When doing so, we should consider that the gaze signal resulting from combining eye and head tracking suffers from imperfections that must be taken into account when planning VR experiments and interpreting their results. Based on recordings during the pilot phase with the HTC Vive Pro Eye, we suspect that eye and head tracking are not recorded perfectly synchronised. For example, when horizontal head movements are recorded while we are fixating a point, our eye movements compensate for our head movements so that we can see the fixation target clearly while moving our head. If we calculate the difference between the speeds of eye and head movements, we often find rapid velocities of over 30 °/s when using current VR hardware. Then again, finding perfect stabilisation at speeds close to 0°/s seems to be unlikely based on previous results (Harris 1994). Nevertheless, we cannot distinguish between actual retinal slip and additional errors caused by asynchrony between eye and head tracking with the current setup. This makes it difficult or even impossible to identify fixation objects based on an eye velocity threshold, as is often used in desktop eye tracking experiments.

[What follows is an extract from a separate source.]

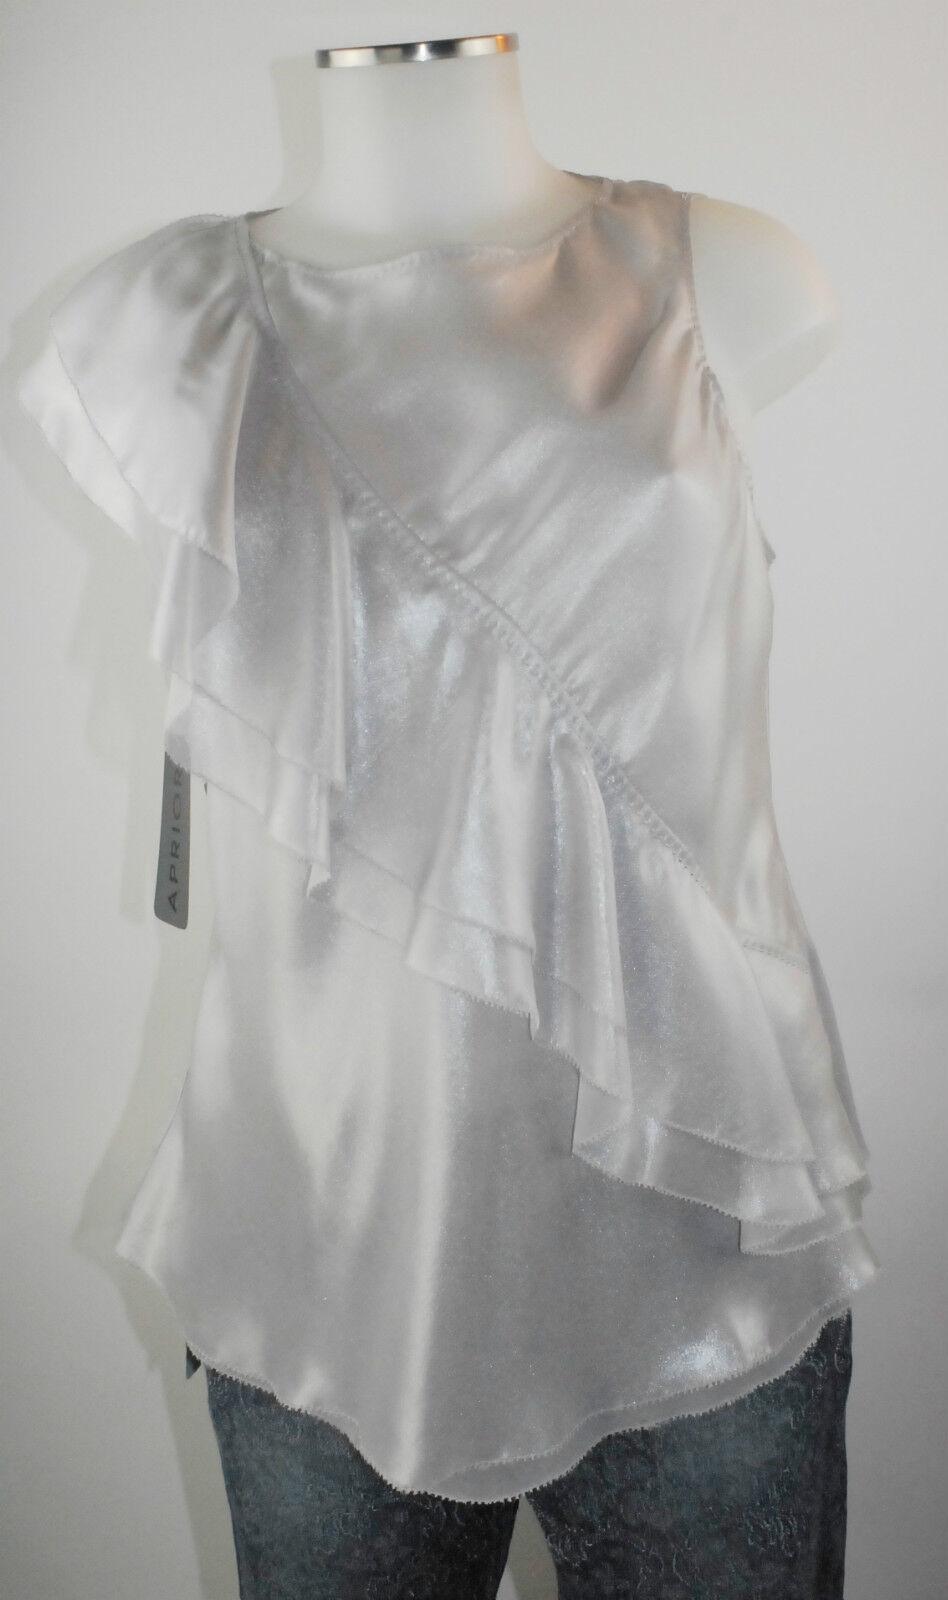 Apriori Top 38 silver grey ärmellos bluese Volants A-Linie Polyester neu m.E.

One method for determining gaze points and gaze patterns in VR is calculating intersections between the gaze ray and the positions of objects in the VE. When the same object is looked at for multiple frames, we can assume that it was fixated, even though the output velocity of the gaze signal wrongly suggests that the image on the retina was not perfectly stable. In summary, as a scientific method, VR is no longer in its infancy and offers great potential for systematically observing complex movement sequences (such as searching for an object in a room). This means that although some previously established methods need to be adjusted due to flaws in the currently available hardware, based on our tests, the combined gaze signal provides a solid overview of where and how long a person looked in a sequence, especially when combined with information about the VE. All in all, this makes VR eye tracking particularly interesting as a method for observing eye movements during actions and enables experiments in which participants can explore their surroundings more naturally than in experiments in front of a desk. In situations like these, various processes simultaneously influence our behaviour. We can therefore use VR to gain new insights into our perception and behavioural control. High temporal resolution and the combination of detailed participant behaviour along with the exact description of the stimuli presented in the experiment make it possible to describe the timing and connection between perception and behaviour much more accurately than before. The extensive amount of data enables new evaluation methods, such as machine learning, to automatically classify the collected data.

Conclusions

The rapid development of VR technology in recent years has led to the combination and improvement of several different technologies for tracking human behaviour. Simultaneously, the possibilities for presenting visual stimuli that respond to our movements have improved.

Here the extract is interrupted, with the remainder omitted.